### Supplied data
____________________

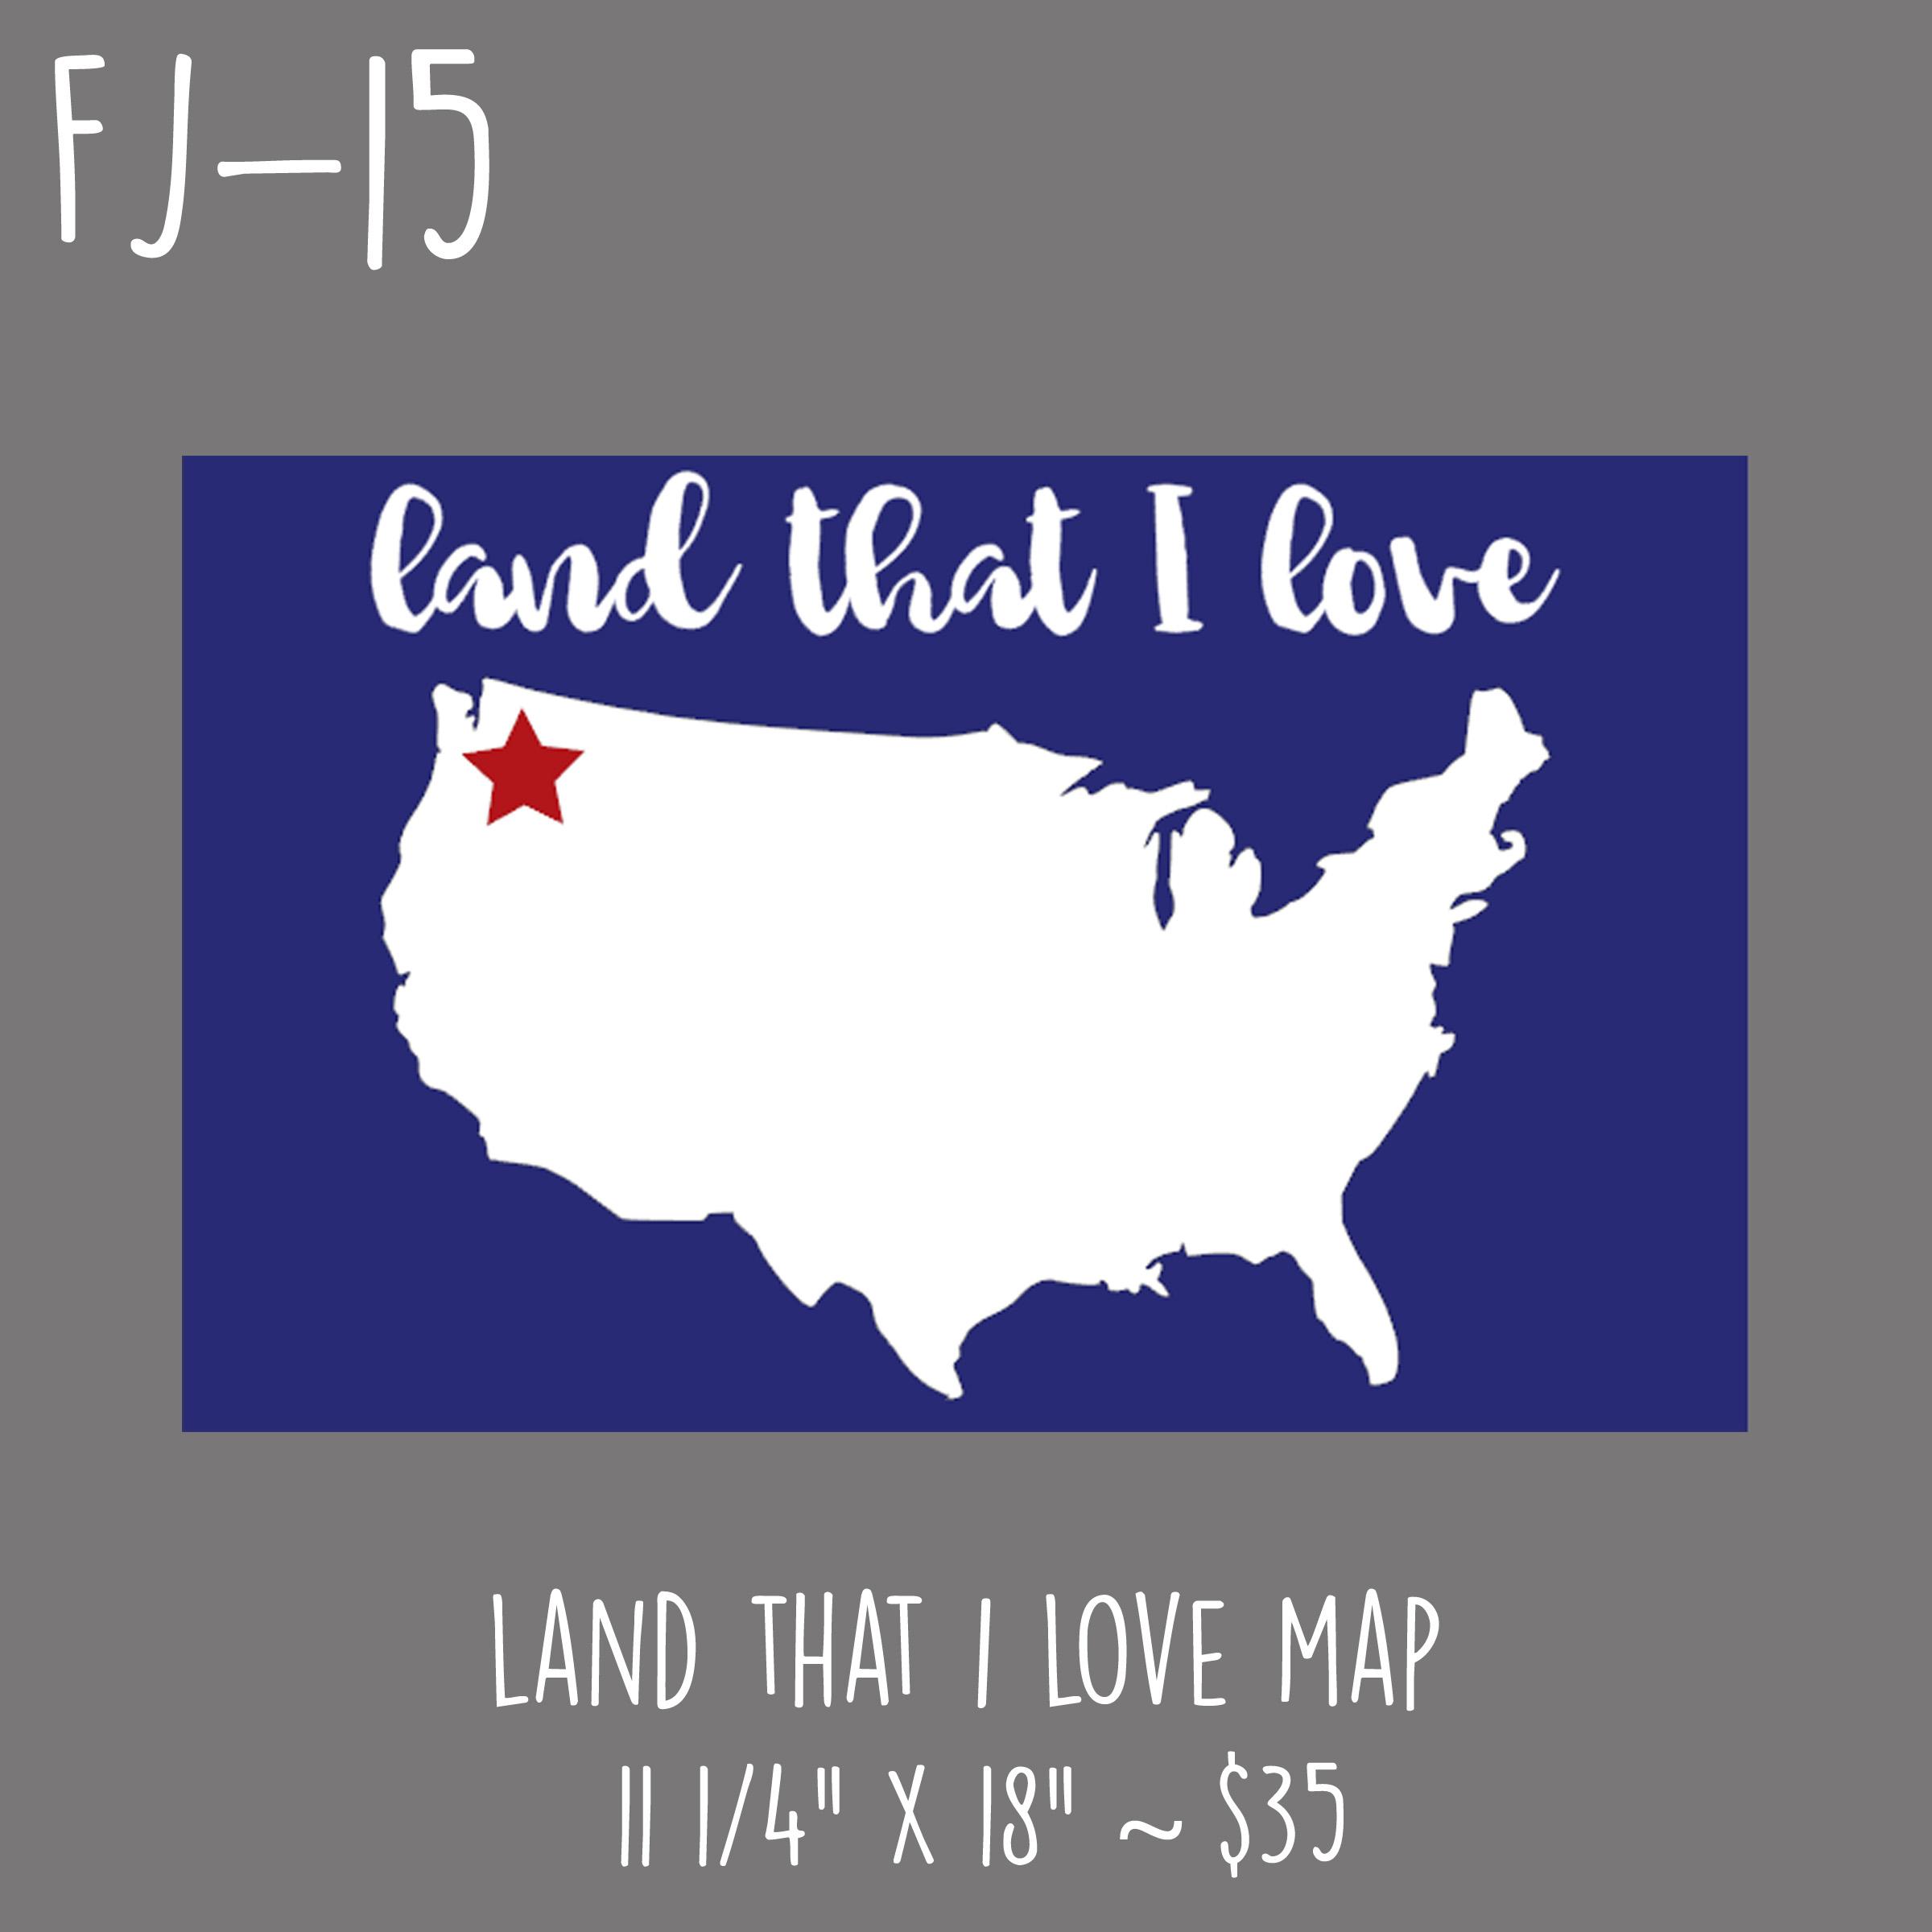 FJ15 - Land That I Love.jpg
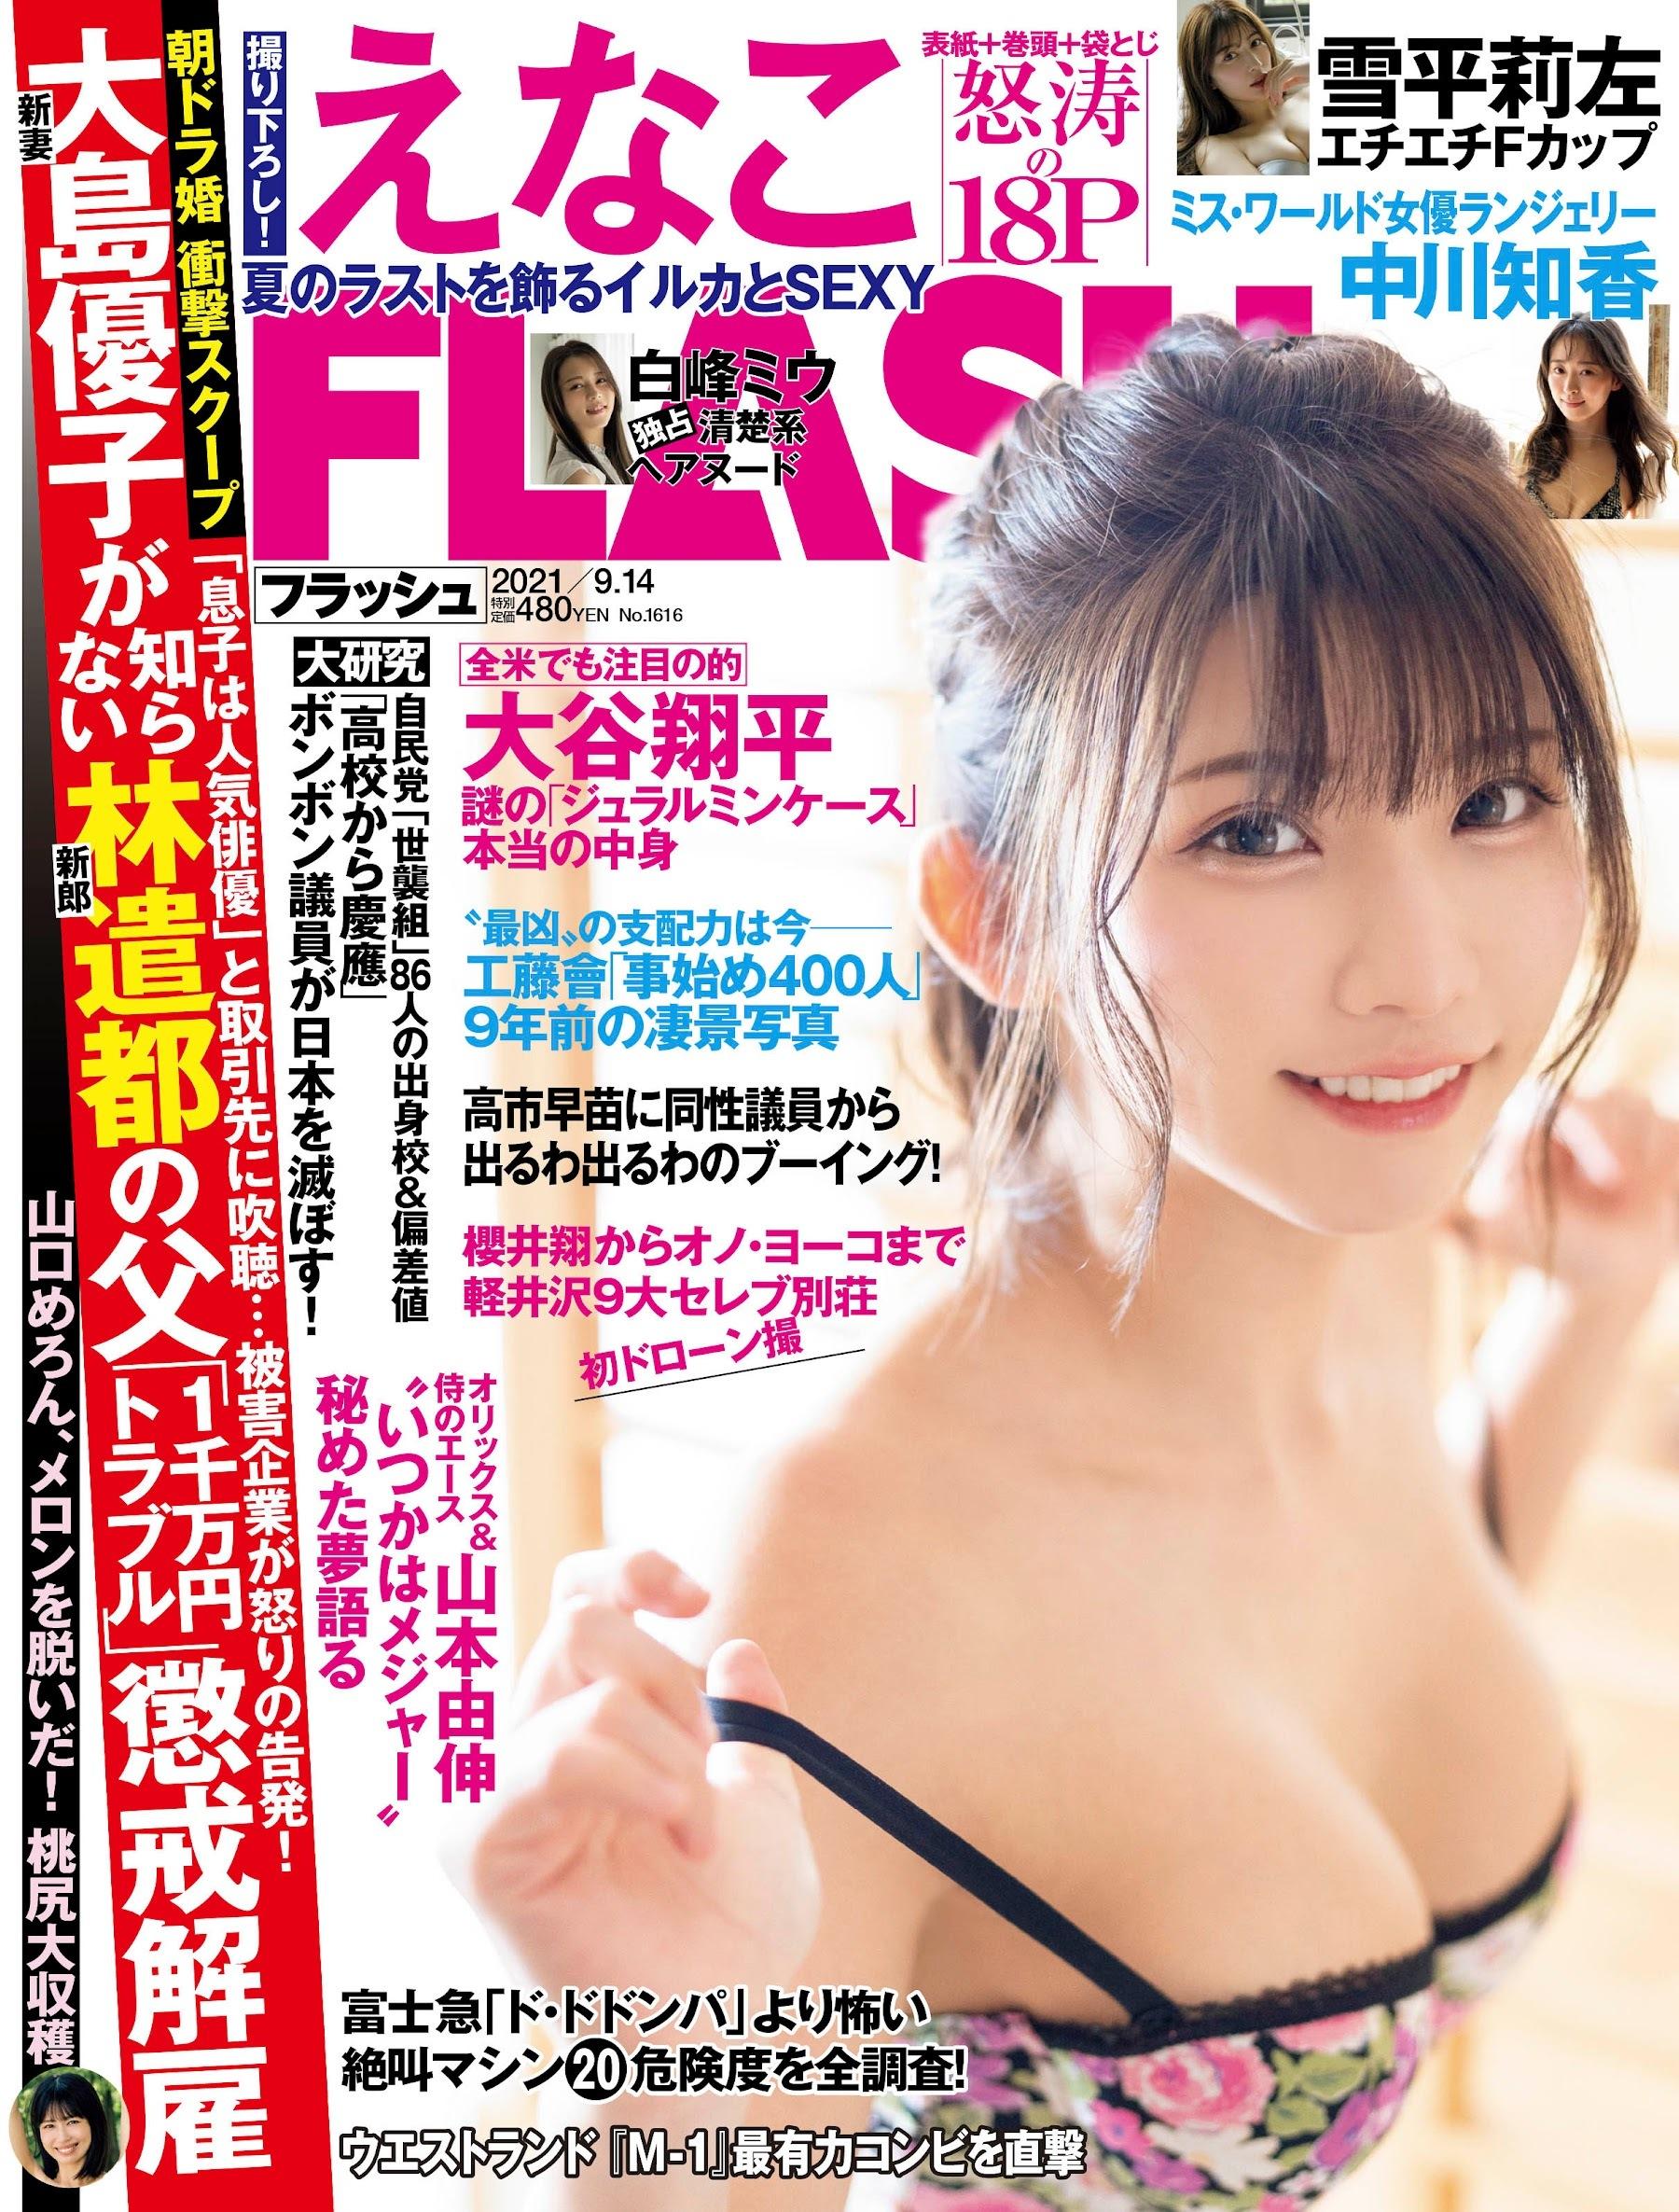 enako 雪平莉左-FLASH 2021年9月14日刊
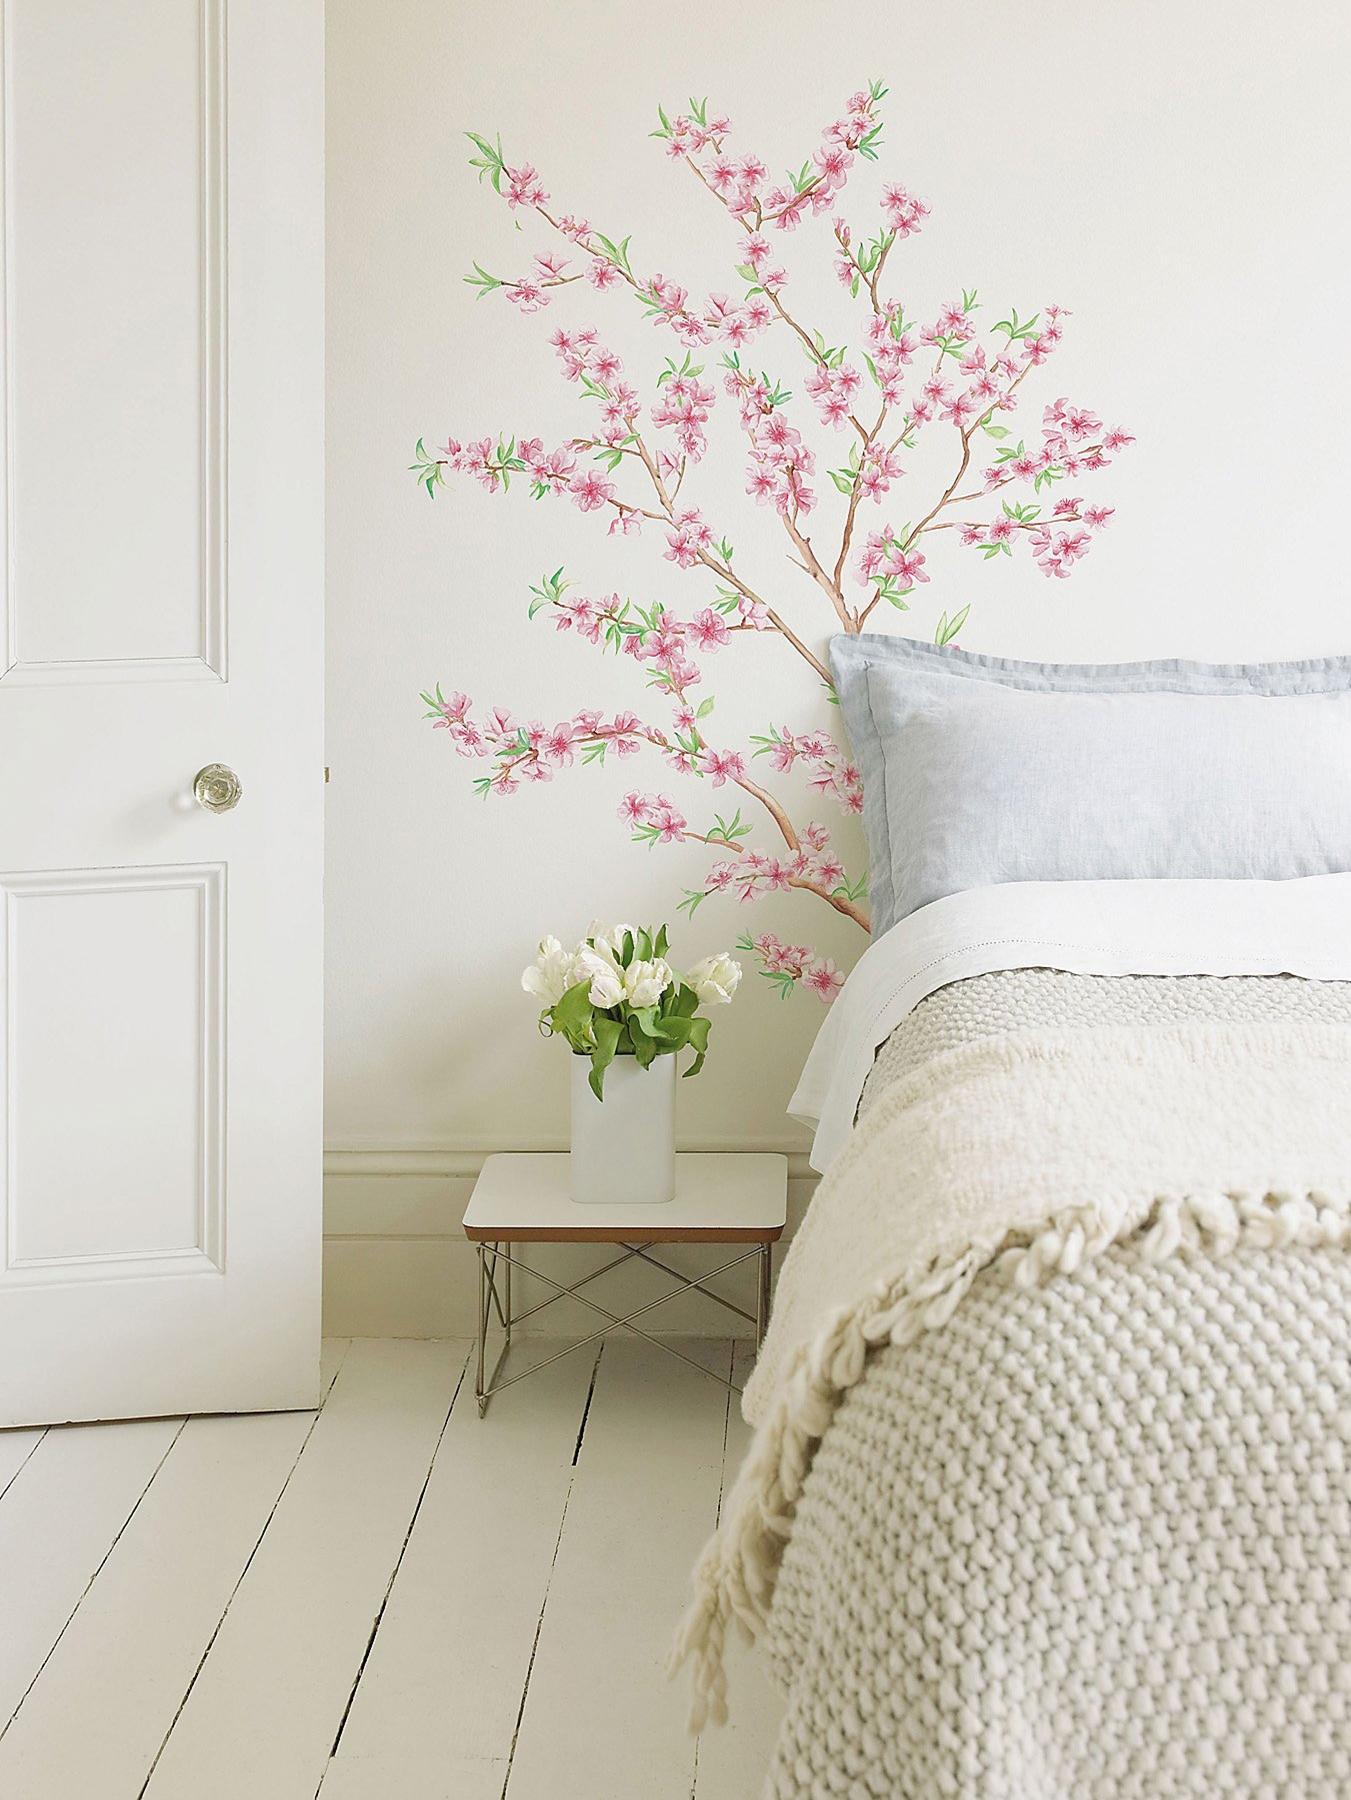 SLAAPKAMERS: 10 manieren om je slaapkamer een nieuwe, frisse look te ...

____________________

### Exercise
The answer should hold every line of the listing, copied exactly, with no pictures.

### Reply
 FJ15 - Land That I Love.jpg
 enako 雪平莉左-FLASH 2021年9月14日刊
 SLAAPKAMERS: 10 manieren om je slaapkamer een nieuwe, frisse look te ...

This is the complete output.